Neurofibromatosis type 1 (NF1) is a genetic disease that follows an autosomal dominant inheritance pattern, characterized by significant phenotypic variability and unpredictable clinical progression. Affected individuals can present from mild cosmetic involvement with café-au-lait macules to benign and malignant neoplasms, among other comorbidities that can diminish well-being or pose a threat to it. The transmission risk is 50%, and it is impossible to predict the extent of manifestations in the offspring.

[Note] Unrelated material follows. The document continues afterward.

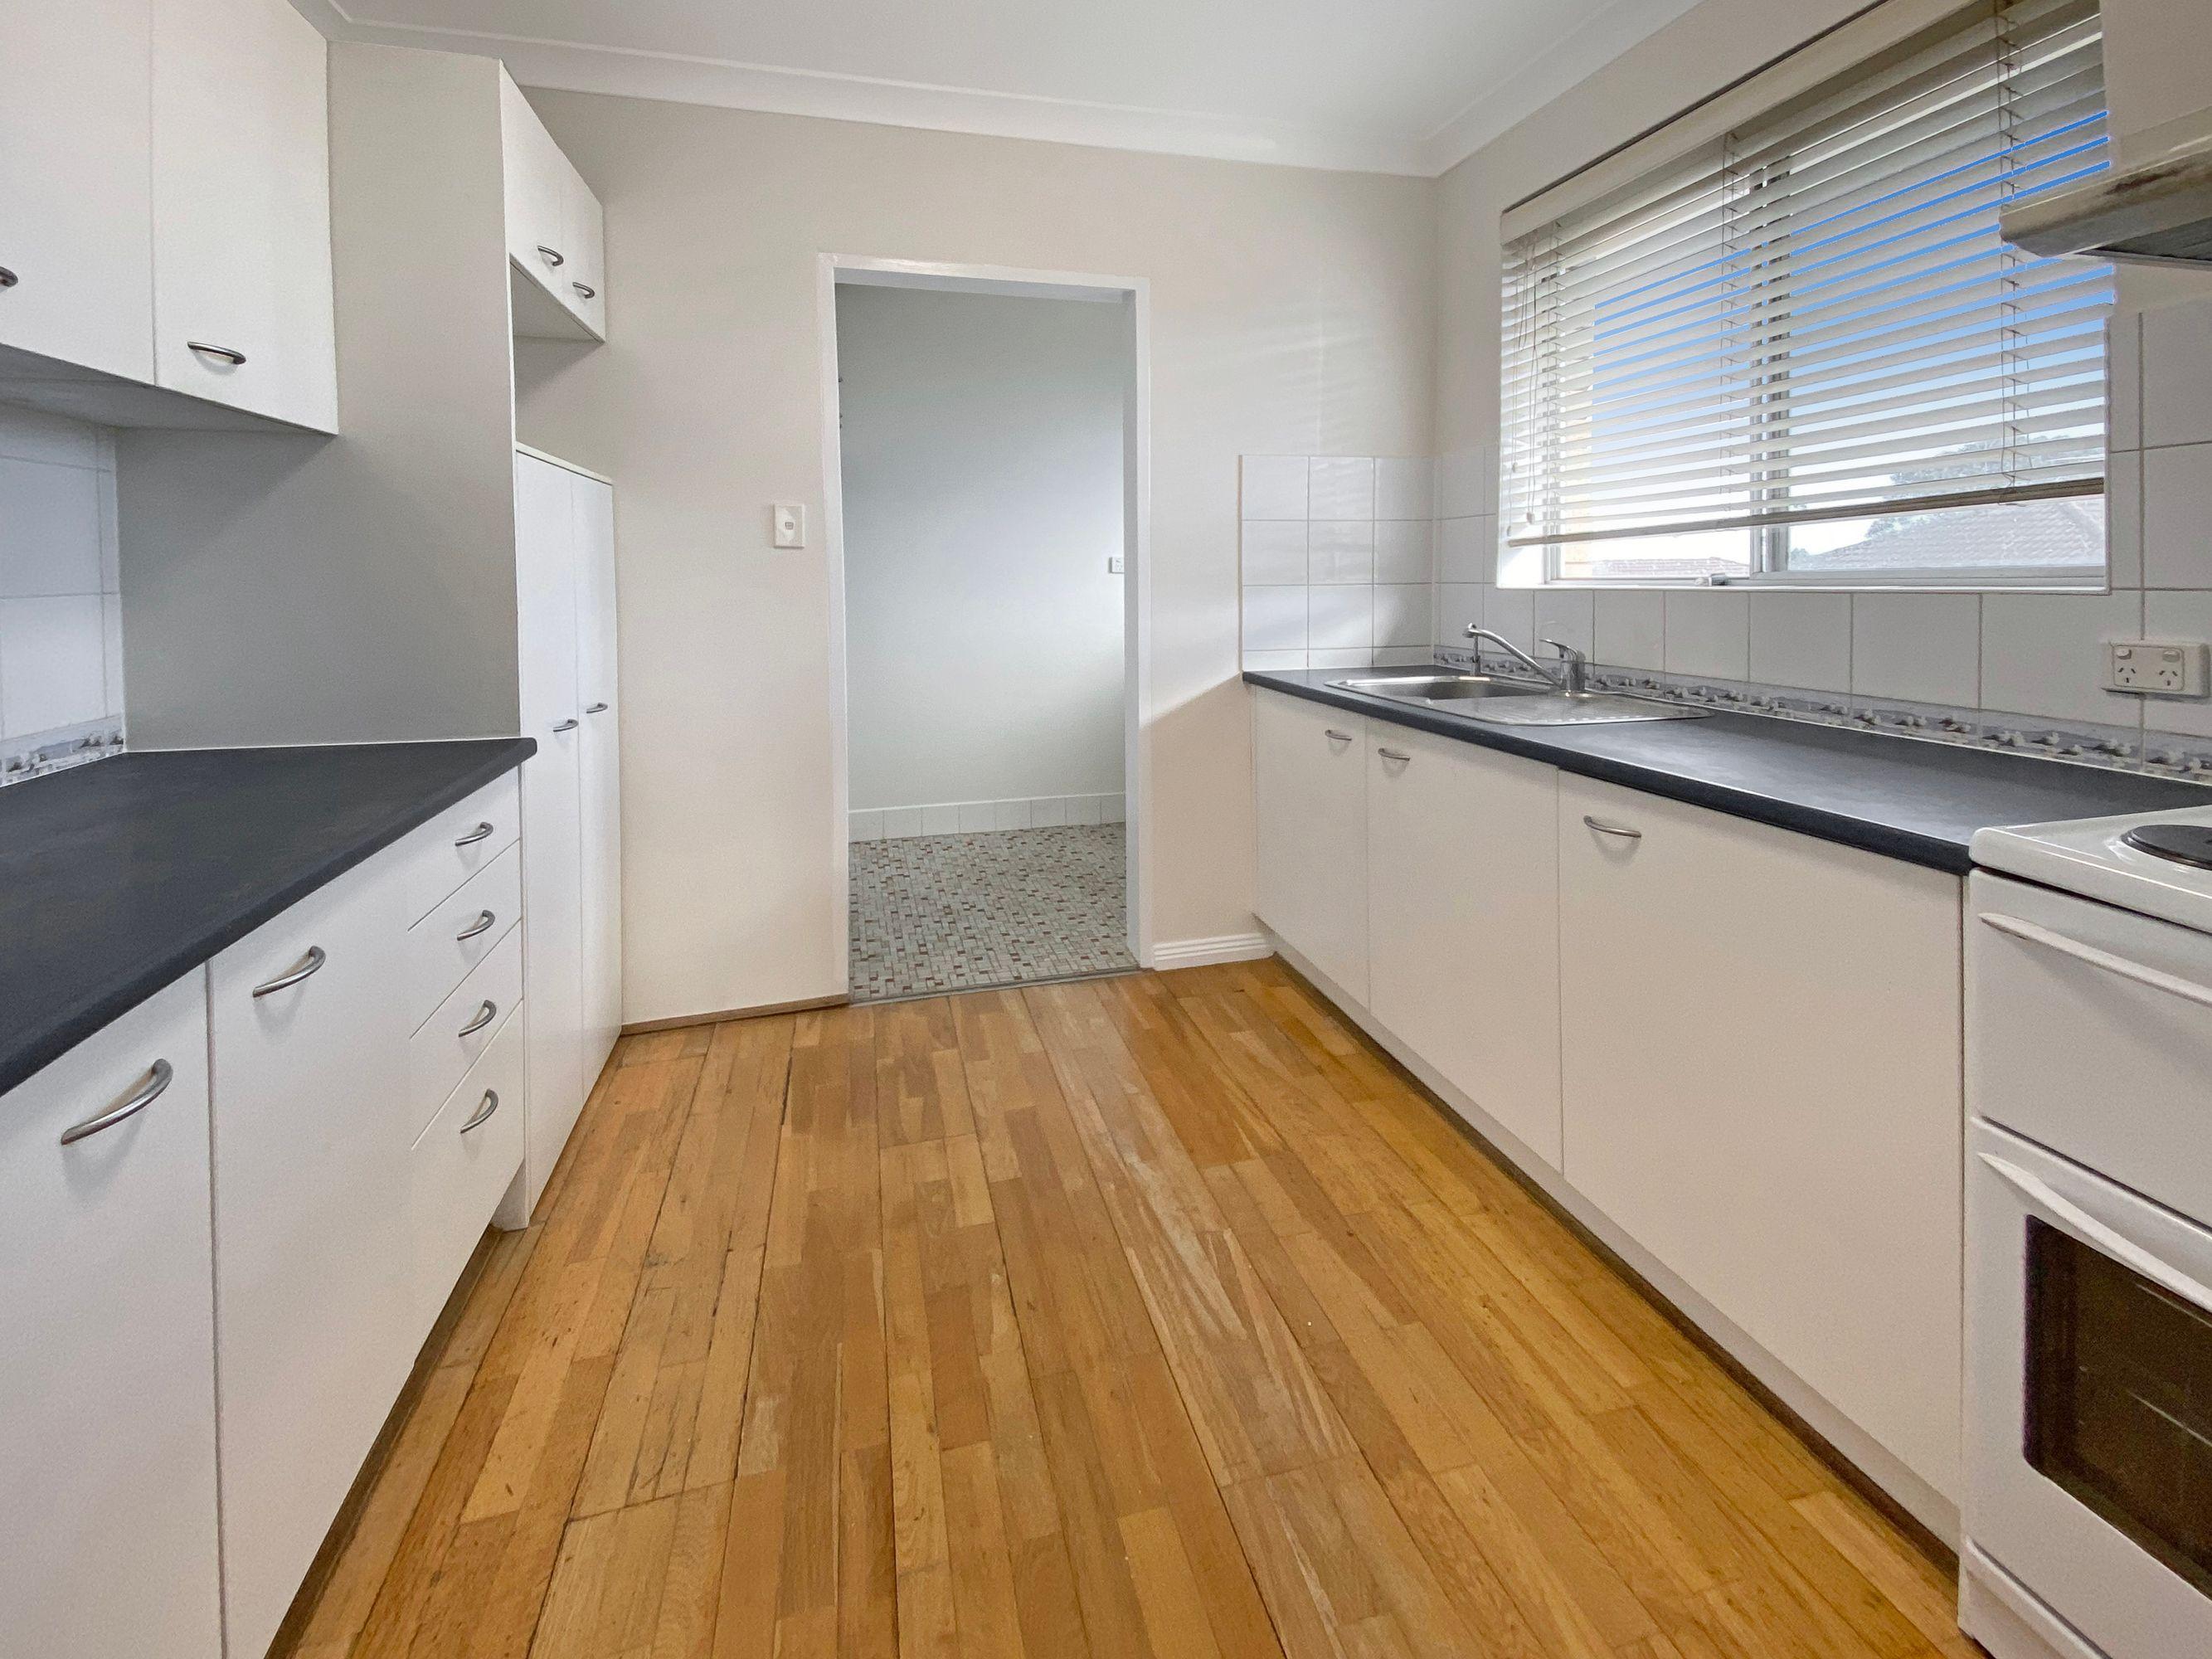 12/15 Ashburn Place, Gladesville, NSW 2111

This qualitative study explored emotional and psychological meanings attributed by individuals with NF1 to their experience, based on Mishel's Uncertainty in Illness Theory. Thirty-eight Brazilian adults with NF1 responded to a self-reported online questionnaire. In it, sociodemographic information was collected, an NF1 visibility assessment scale and the Brazilian version of the NF1 Impact on Quality of Life (INF1-QoL) questionnaire were administered. Finally, three open-ended questions were asked about the impact of the disease on individuals' lives: the first regarding the influence of NF1 on the participant's life in general, the second about NF1 in different life stages, and the third about their experience of health monitoring. Qualitative content analysis was used to investigate the corpus. Fifteen main categories were identified, which align with Mishel's theory and contribute to comprehending uncertainty in NF1, manifested primarily regarding the disease progression in the individual, reproductive planning, and distress about the future of already affected children. This deeper understanding of the NF1 experience and associated uncertainty can enhance the cultural competence of genetic counselors and contribute to more effective clinical approaches and interventions.